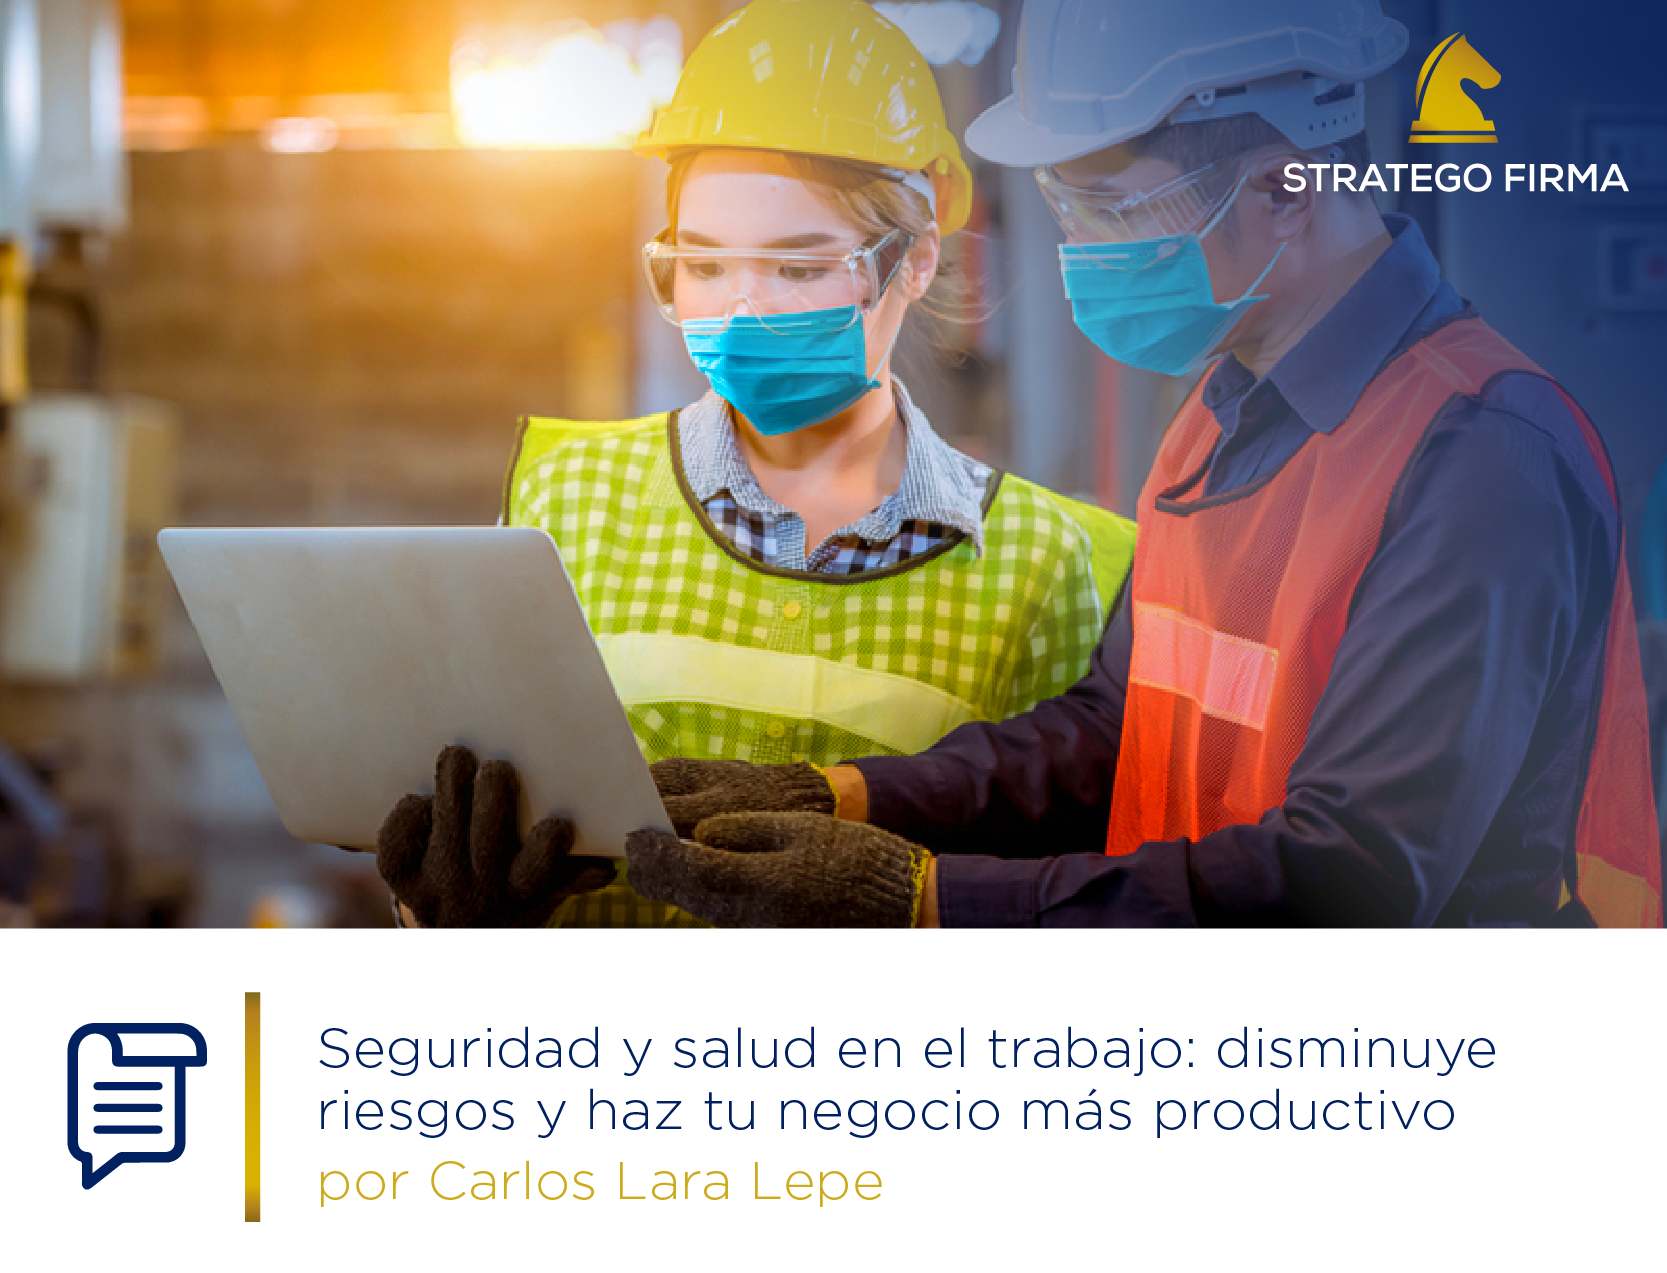 Las buenas prácticas en seguridad y salud en el trabajo mejoran la experiencia laboral del colaborador, impactando positivamente en los resultados.
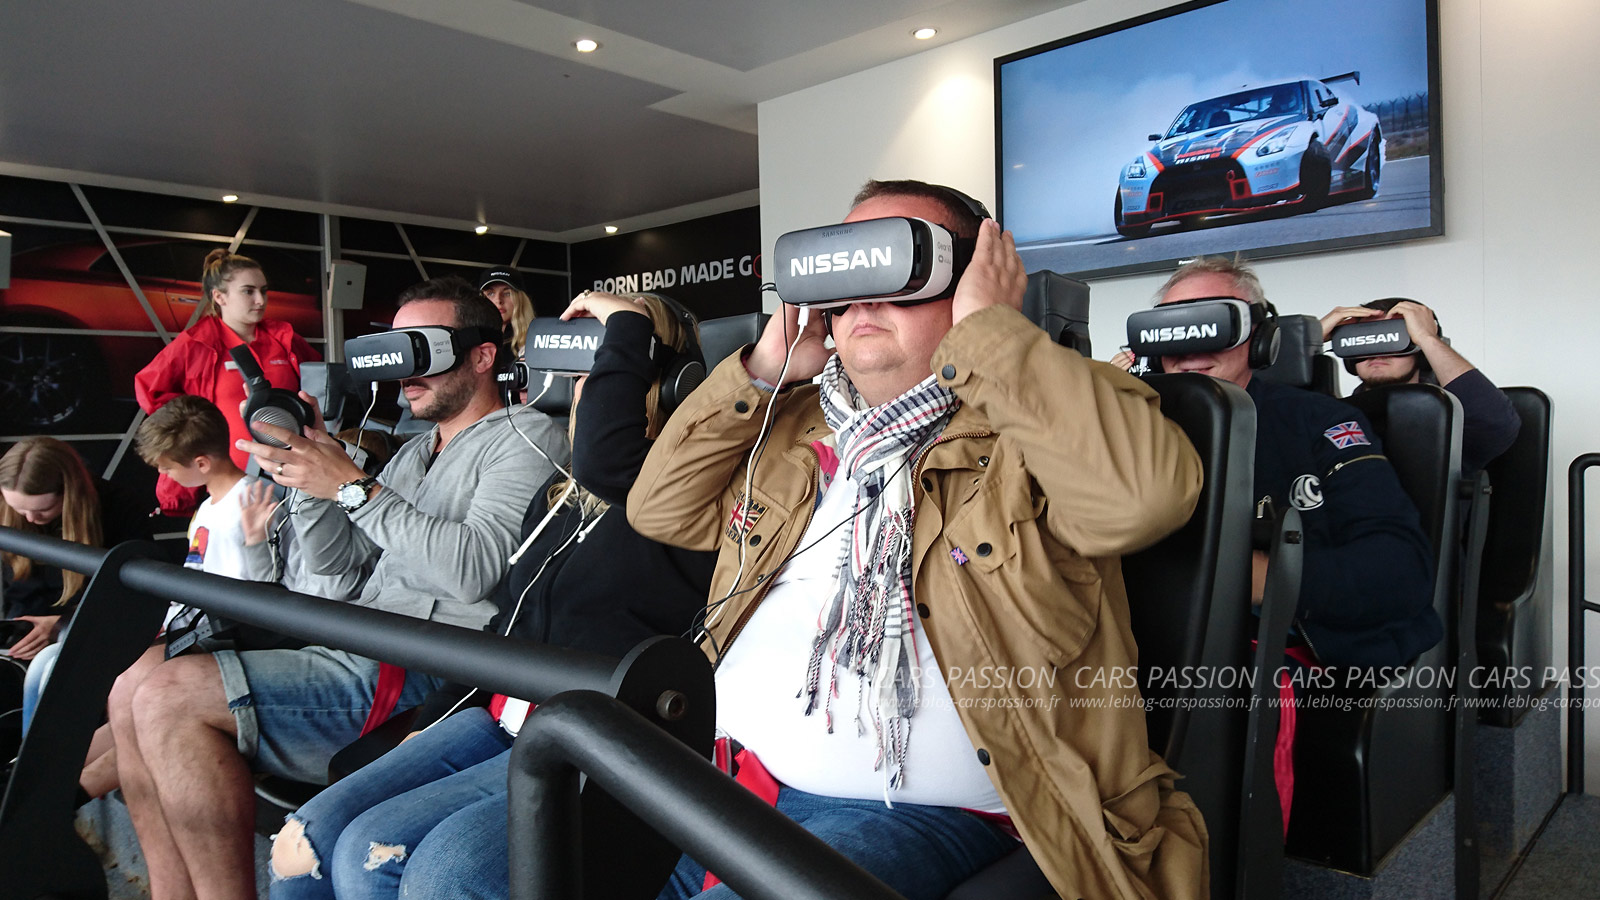 Goodwood-FOS-nissan-realite-virtuelle-casque-oculus-rift
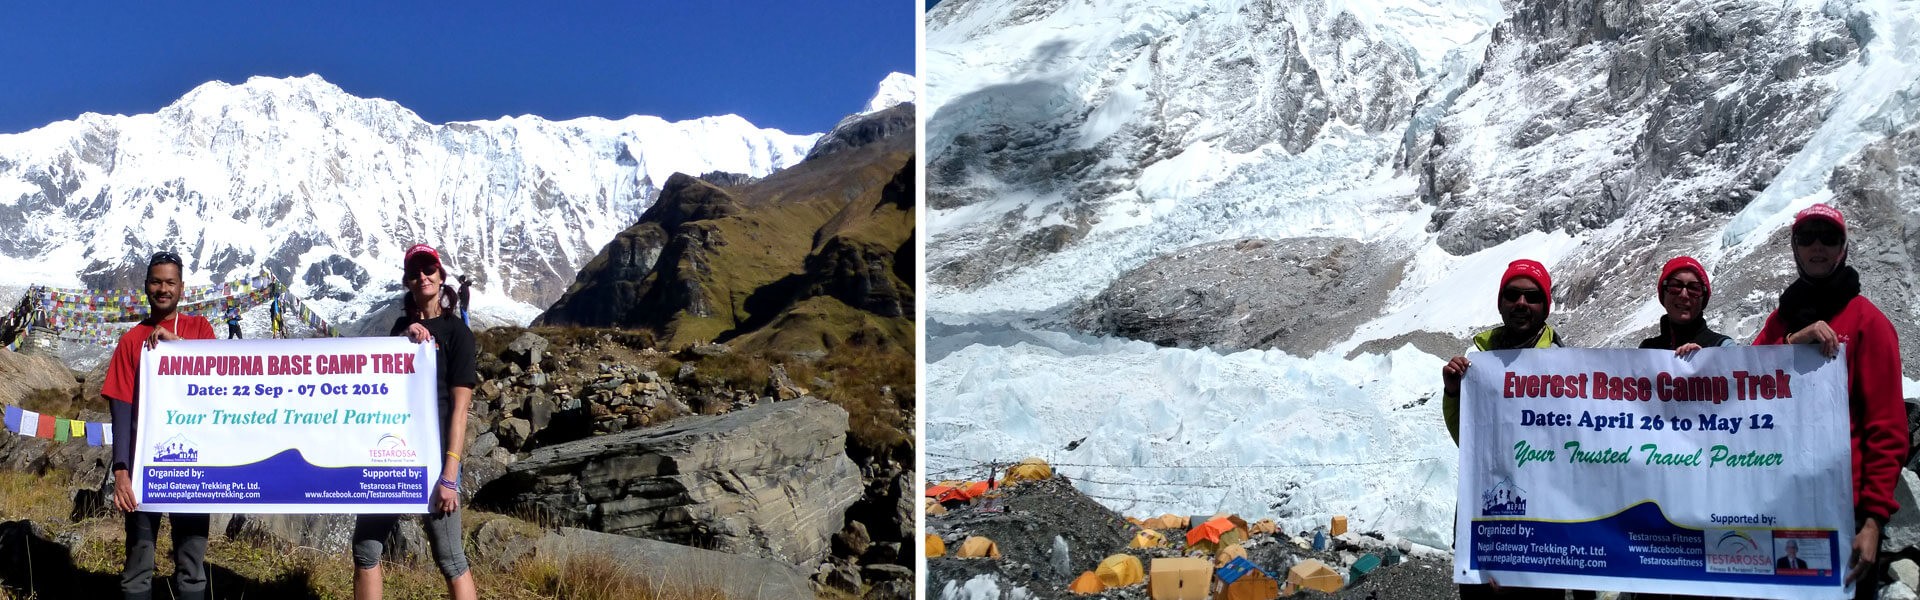 Annapurna Base Camp Trek v/s Everest Base Camp Trek

--------------------

**Description of the task**: Please print the span that begins at the line holding "Goodwood-FOS-nissan-realite-virtuelle-casque-oculus-rift" and ends at the last line of the data, both ends included, with no pictures.

**Written reply**:
 Goodwood-FOS-nissan-realite-virtuelle-casque-oculus-rift
 Annapurna Base Camp Trek v/s Everest Base Camp Trek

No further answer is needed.